Early this year, the world’s leading telecom operator, Vodafone, had stated that it was looking to tap growth markets in Asia, France and Poland. Last month, it acted on that intention, buying a 10 per cent stake for Rs 67 billion ($1.5 billion) in India’s largest mobile operator, Bharti, with 15 million subscribers and $2 billion in annual revenues.
Billed as the single largest foreign investment ever made in the country, Vodafone picked up a 5.65 per cent stake from US-based private equity firm, Warburg Pincus, and 4.4 per cent from Bharti Enterprises, promoted by the Bharti Group CMD, Sunil Bharti Mittal.
Vodafone will now be the second foreign investor in the Bharti Group. SingTel of Singapore is the other, with over 30 per cent stake. Vodafone also gets two board seats and rights equal to those of SingTel.
For the Indian telecom industry, it was a big event. It marked Vodafone’s “second coming”, as it were. It had left India in 2003 when it sold its 20.7 per cent stake in regional mobile operator RPG Cellular to Aircel. And the purchase came soon after the Indian government raised the FDI limit in telecom to 74 per cent.
There was euphoria all round. Analysts say the deal represents a win-win situation for both companies. It gives Bharti three things: access to foreign funds to implement its gigantic expansion plans; a higher valuation; and expertise in 3G in preparation for when it launches 3G.
For Vodafone, it is an entry into one of the world’s fastest growing telecom markets. It gains a pan-Indian presence in a mobile sector that has been adding over 2.5 million subscribers a month and a market for 3G.
There is some speculation, however, that Vodafone might have overpaid for a mere 10 per cent stake. It is a fact that the ??34 billion company would have preferred to buy a larger stake. But Vodafone officials dismiss the suggestion that a 10 per cent stake will leave the company with too little leverage and no dividends.
International analysts note that 10 per cent is the bare minimum that Vodafone would need. Vodafone’s Indian-born CEO Arun Sarin says he is happy with it: “This transaction is consistent with Vodafone’s strategy of developing our global footprint in growth markets. We expect dividends to come in soon enough.
What attracts Vodafone is the fact that India is Asia’s third largest economy, with a population of 1.1 billion and 65 million mobile phone customers. It is not only fast growing but also politically stable. Moreover, the government has now allowed foreign companies to own 74 per cent of telecom operators.
“From our point of view, Bharti was an interesting company because they are a GSM player, they are the number one market share player, they have an entrepreneurial management style and, more importantly, have a pan-Indian presence,” says a Vodafone official.
Vodafone has acquired minor shares in emerging markets before. Today, it has direct equity exposure in 27 markets and indirect equity holding in four others in Africa, such as operating companies of Vodacom South Africa where it holds 35 per cent equity. Out of these it has controlling stakes in 19 companies.
The markets where it has a minority equity interest include Belgium, France, Poland, Switzerland, China, Fiji, Egypt, Kenya and now India.

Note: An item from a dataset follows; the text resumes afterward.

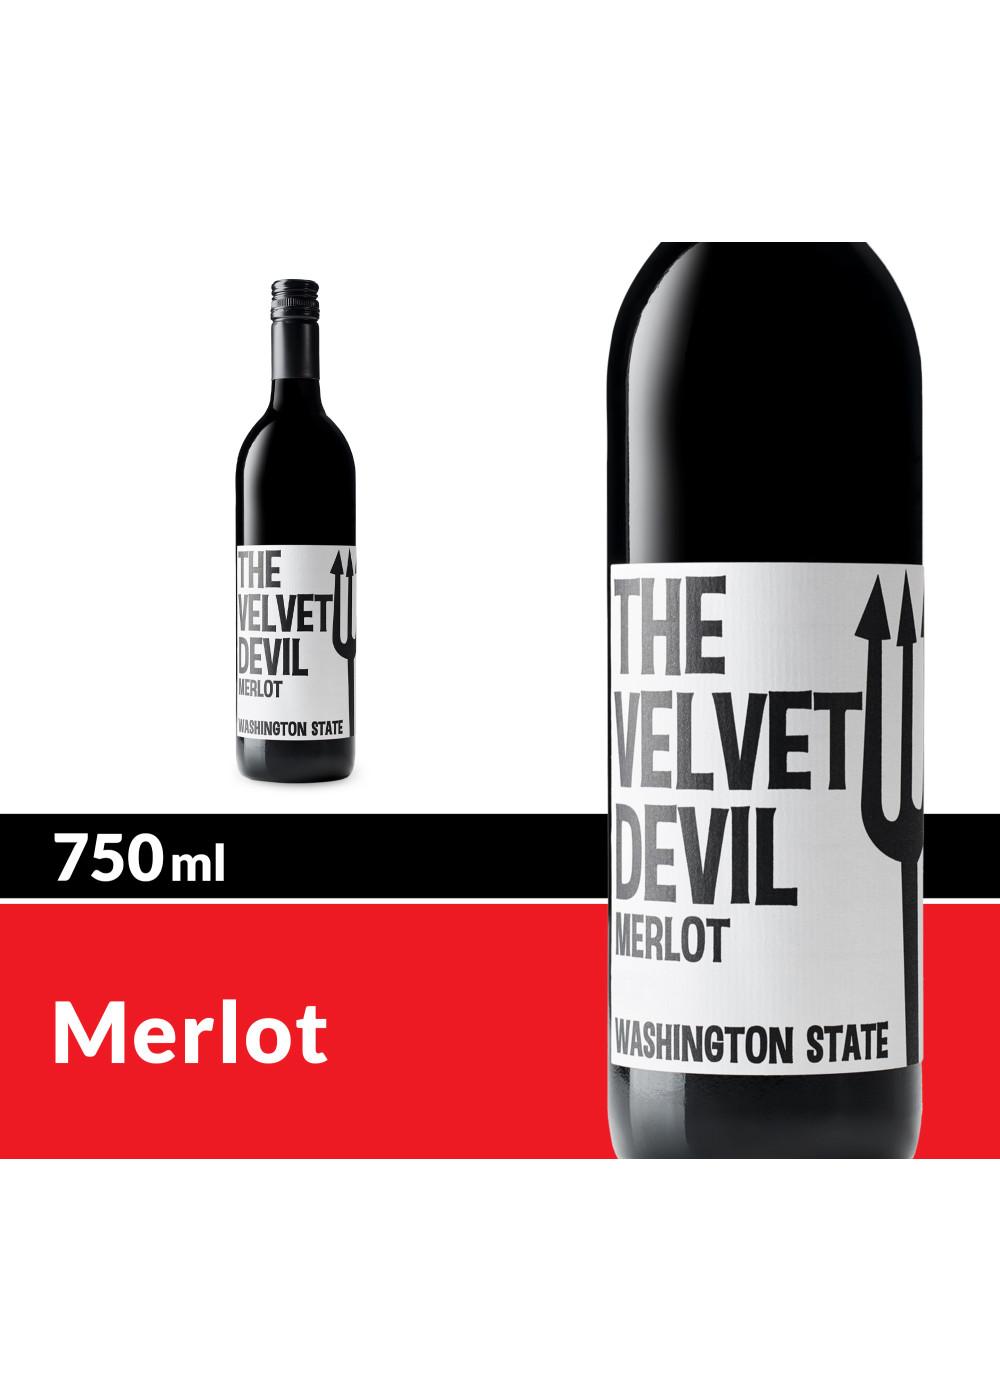 The Velvet Devil Merlot Red Wine; image 6 of 7

This is the third major deal for Vodafone this year. It acquired 99.9 per cent equity of Oskar Mobile in the Czech Republic and increased its stake from 20.1 per cent to 99.1 per cent in MobiFon of Romania from Canada’s Telesystem International Wireless, for a cumulative value of $3.5 billion. It is also in the race for Turkish operator Telsim Mobil Telekomunikasyon Hizmetleri.
Though a minority interest will not allow Vodafone to establish its own brand, it is a good market-entry strategy. For instance, it picked up a 3.3 per cent stake in China Mobile in 2000 for an investment of $2.5 billion.

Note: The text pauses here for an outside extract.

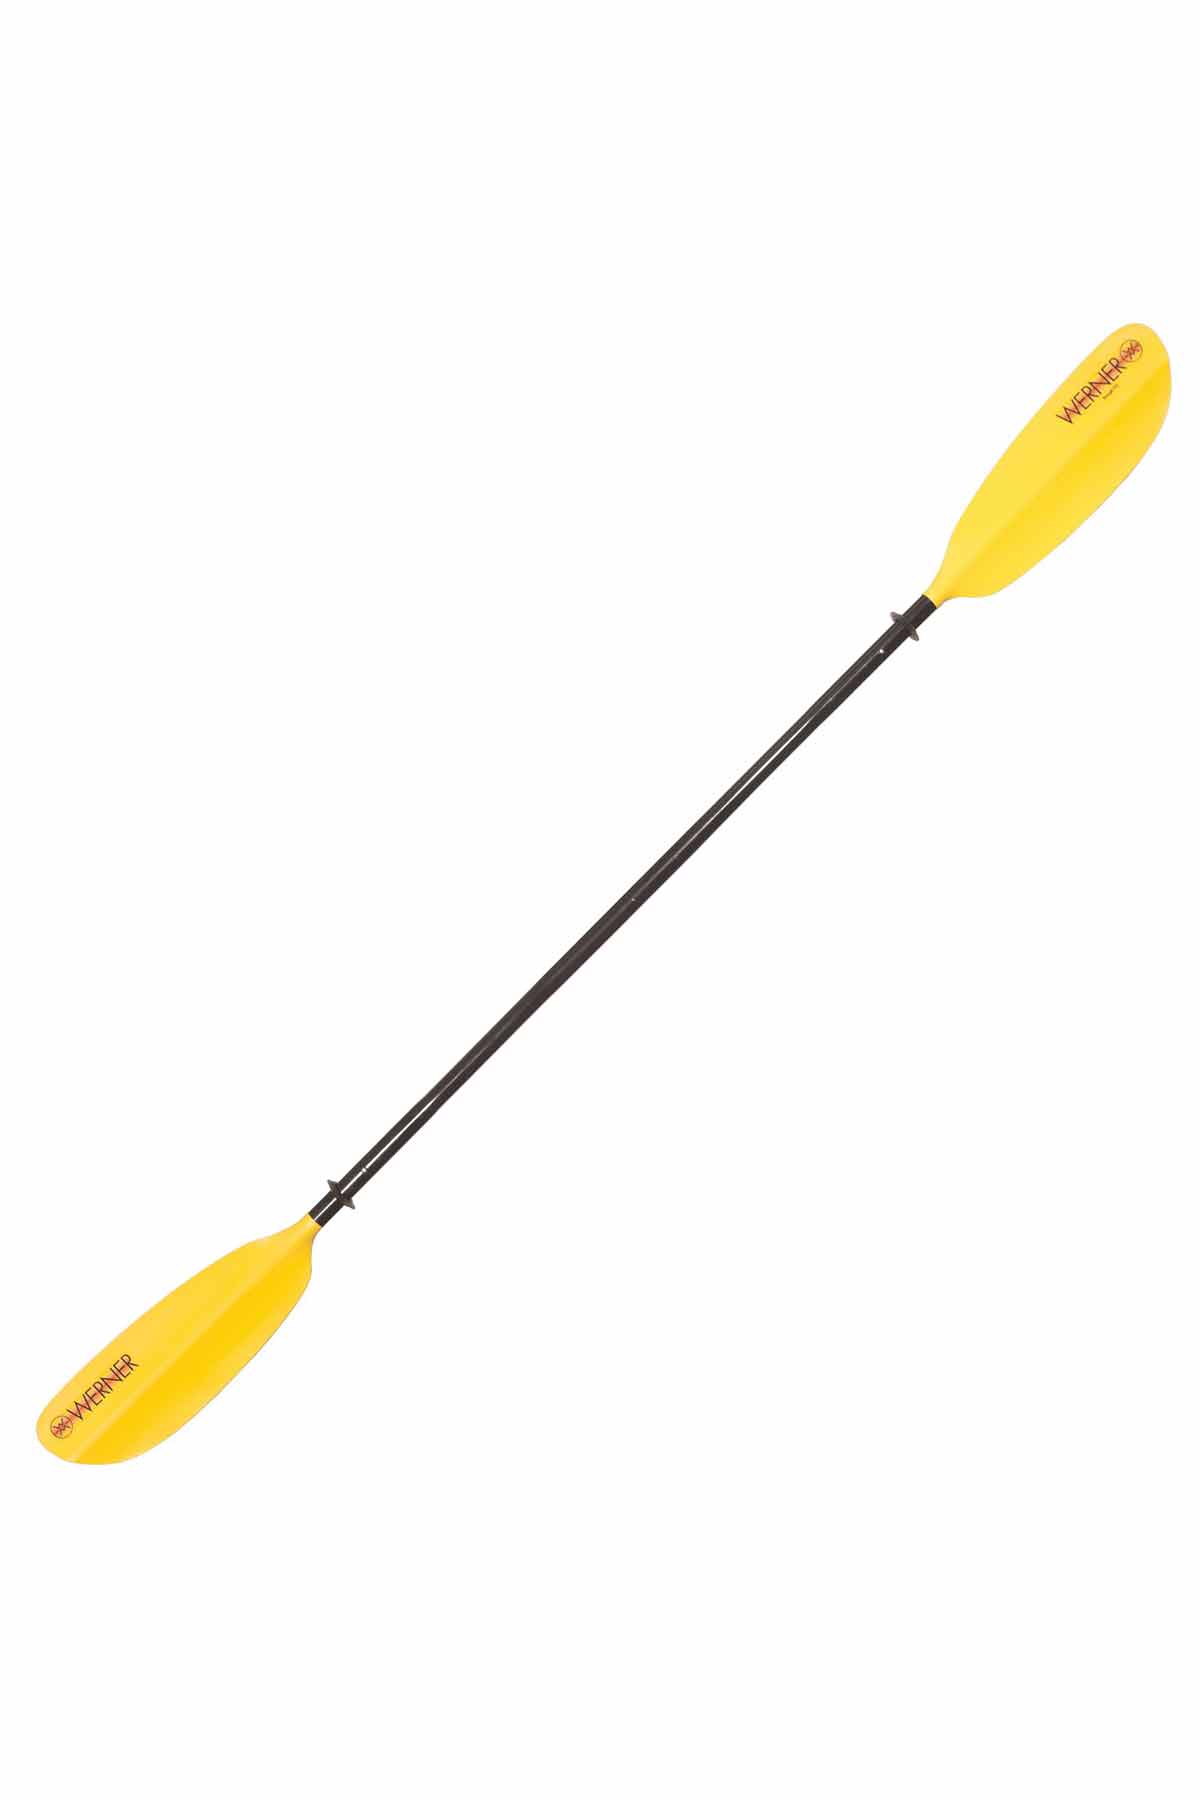 Werner Skagit Kayak Paddle

For Vodafone, tapping new markets is what it does best. From a small start-up in 1984, the company has grown both in size and stature over the years, mainly through acquisitions and alliances across the globe.
As of June 2005, Vodafone had 165 million subscribers, including those who are part of companies directly under its control as subsidiaries or affiliates and those who are part of its partner networks. With the Bharti deal, its total subscriber base will shoot up by more than 9 per cent.
According to market watchers, this new acquisition will also give Vodafone the second largest subscriber base after the US, even ahead of China among its affiliates. On a global basis, India will be the fourth biggest market in terms of subscriber numbers, behind Germany, the US and Italy.
Though Vodafone’s future India strategy is yet to emerge, it’s thought that the company may be interested in increasing its stake later, depending on asset prices and market dynamics. It may look to buy SingTel’s stake in Bharti, for example, or wait for the promoters to dilute their stake. Sunil Bharti Mittal, however, has said he has no plans to dilute his stake. So, at this stage, any speculation about Vodafone’s future strategy is too premature.